▶ Work task: Only text belongs in your copy of the listing below; reproduce it exactly and leave out the pictures.

▶ Supplied material:
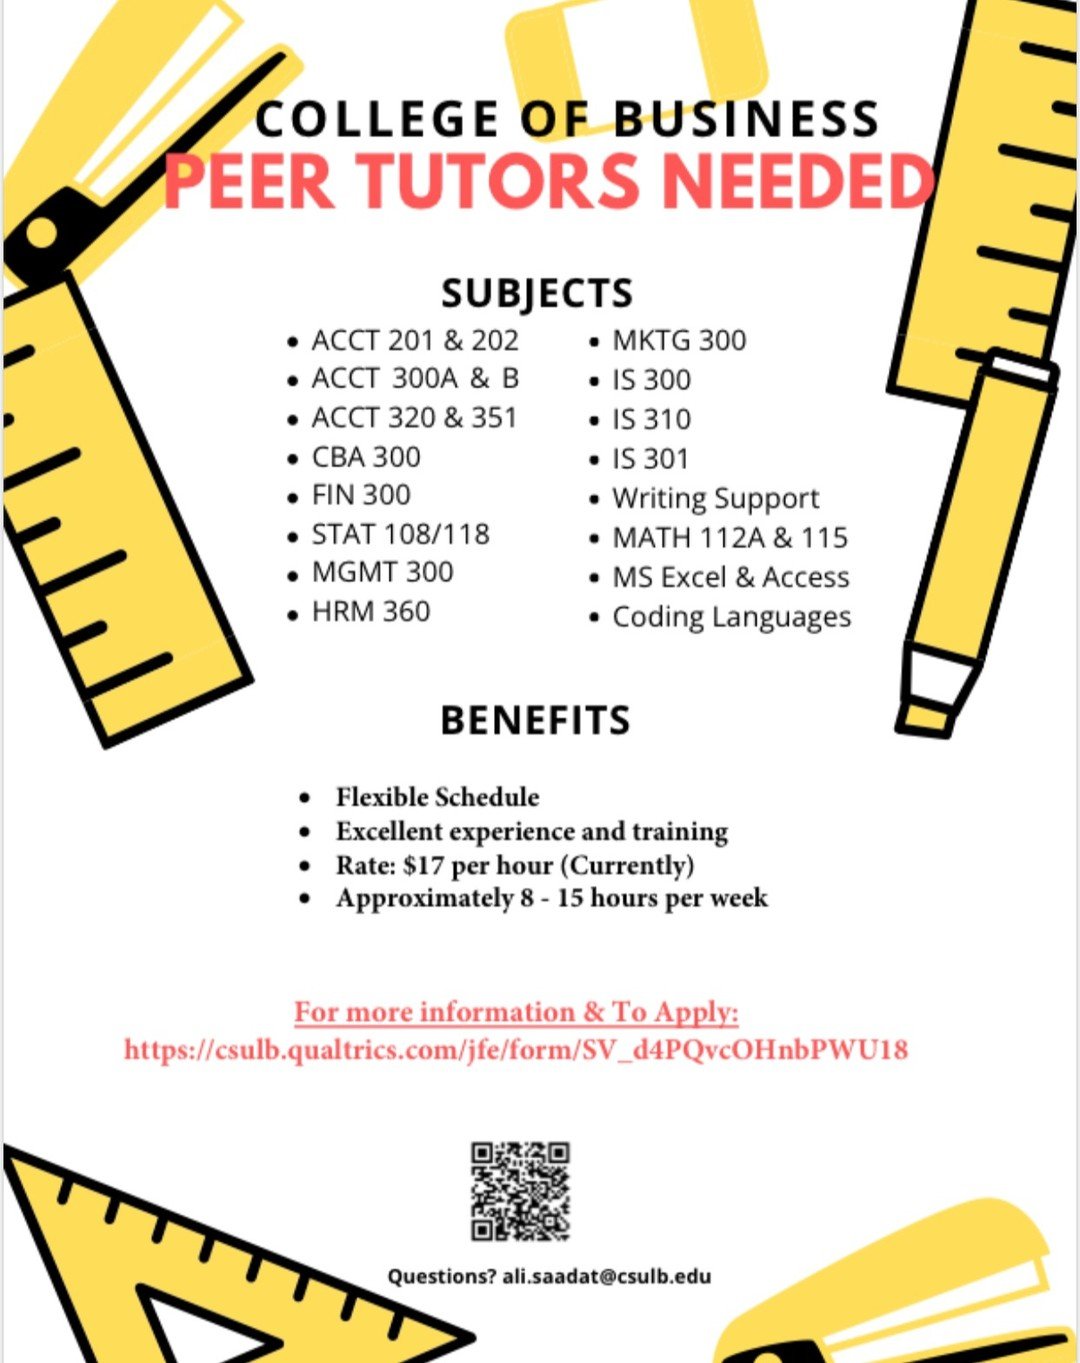 Tutoring Job Opportunity!!! ✏📐

This is a great opportunity if you are looking for a job on campus! Please sign-up ASAP! 

Let us know if you have any questions, or you can email Ali at ali.saadat@csulb.edu!

▶ Response:
 Tutoring Job Opportunity!!! ✏📐

This is a great opportunity if you are looking for a job on campus! Please sign-up ASAP! 

Let us know if you have any questions, or you can email Ali at ali.saadat@csulb.edu!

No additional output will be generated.